Cada vez que me entero de un acto de corrupción en Colombia y del personaje detrás de este, me pregunto por qué la mayoría de los ciudadanos, que pienso desean lo mejor para nuestro país, no reacciona. ¿Indiferencia? ¿Impotencia? ¿Falta de claridad en cuanto a principios y valores? ¿Desconfianza en la justicia y en quienes deben aplicarla? Puede ser todo lo anterior, pero la cuestión de fondo es que seguir tolerando que nos rijan los malhechores es anunciar la muerte prematura de nuestra nación.


Sé que el análisis de toda esta escandalosa realidad de corrupción exige un trabajo concienzudo y mancomunado y tal pretensión desborda la intención de este escrito. Me atrevo sólo a expresar unas cuantas ideas.


En primera instancia, diría que los colombianos y colombianas se han acostumbrado a ver el mal y sus pluriformes expresiones con familiaridad, sin ponerle resistencia alguna, hasta el punto de integrarla en su haber cultural para luego exclamar con gran orgullo: “¡Es que somos así!” Este despropósito lo oí decir en una fiesta “muy tiesa y muy maja”, con el agravante de que el personaje “ligero de boca”, añadió: “¿Quién no ha bebido de las fuentes del narcotráfico en Colombia”? No le faltaron reacciones en la mesa que ocupábamos.


En segundo lugar, el idolillo llamado dinero, al que no pocos le hacen culto de adoración, ha penetrado tanto en el corazón de la sociedad que la gente, en su arrebato por escalar socialmente, recurre a cuanto artificio maléfico para lograr su cometido. Su pretensión es jactarse de su bienestar económico, porque esa realidad, desde su precario y engañoso imaginario, cree le va a dar “status”, respeto y poder.
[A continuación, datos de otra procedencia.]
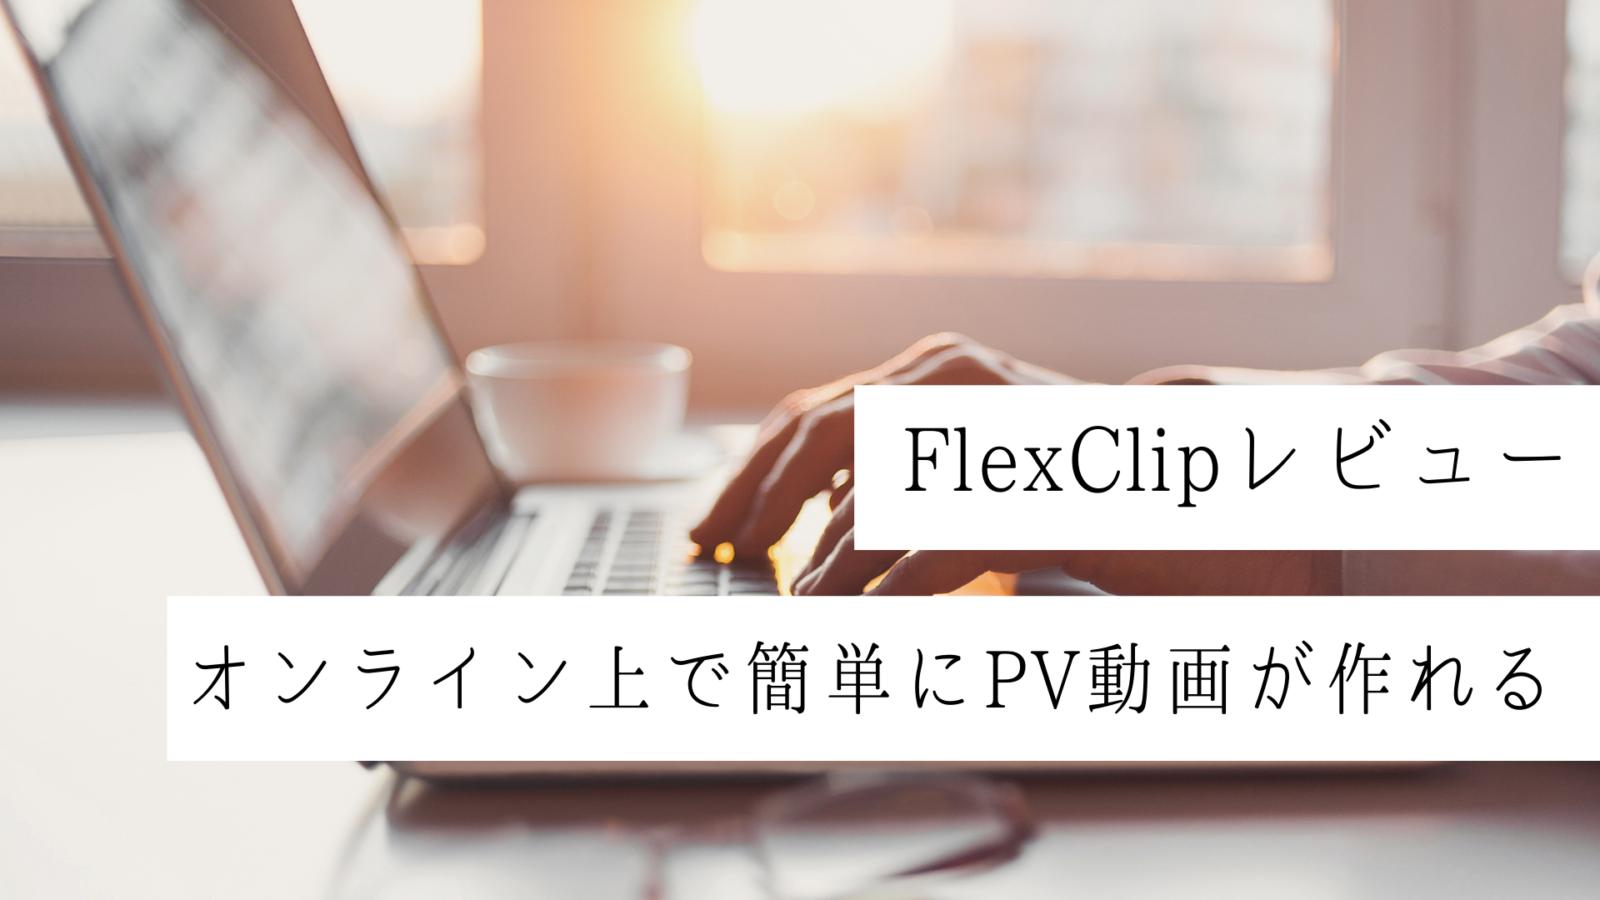 【FlexClipレビュー】プロモーションムービーが簡単に作れるWEBサービスを使ってみました

Como último punto, diríamos que la impunidad se posicionó de manera descarada para proteger a los malandrines bajo la excusa del “ deber proteger” los derechos individuales. El contrasentido radica en que se cobija más al delincuente, al pícaro, al violento en aras de mostrarse como un país respetuoso de los DD.HH. Todo indica, más bien, una gradual desmoralización de un país que sacó a Dios, no de su Constitución, sino de su corazón. En el acto de “darle la espalda” a Dios, el ser humano le dio la espalda al hombre mismo y se extravió, porque en Dios y el otro, está la inspiración para un actuar moral.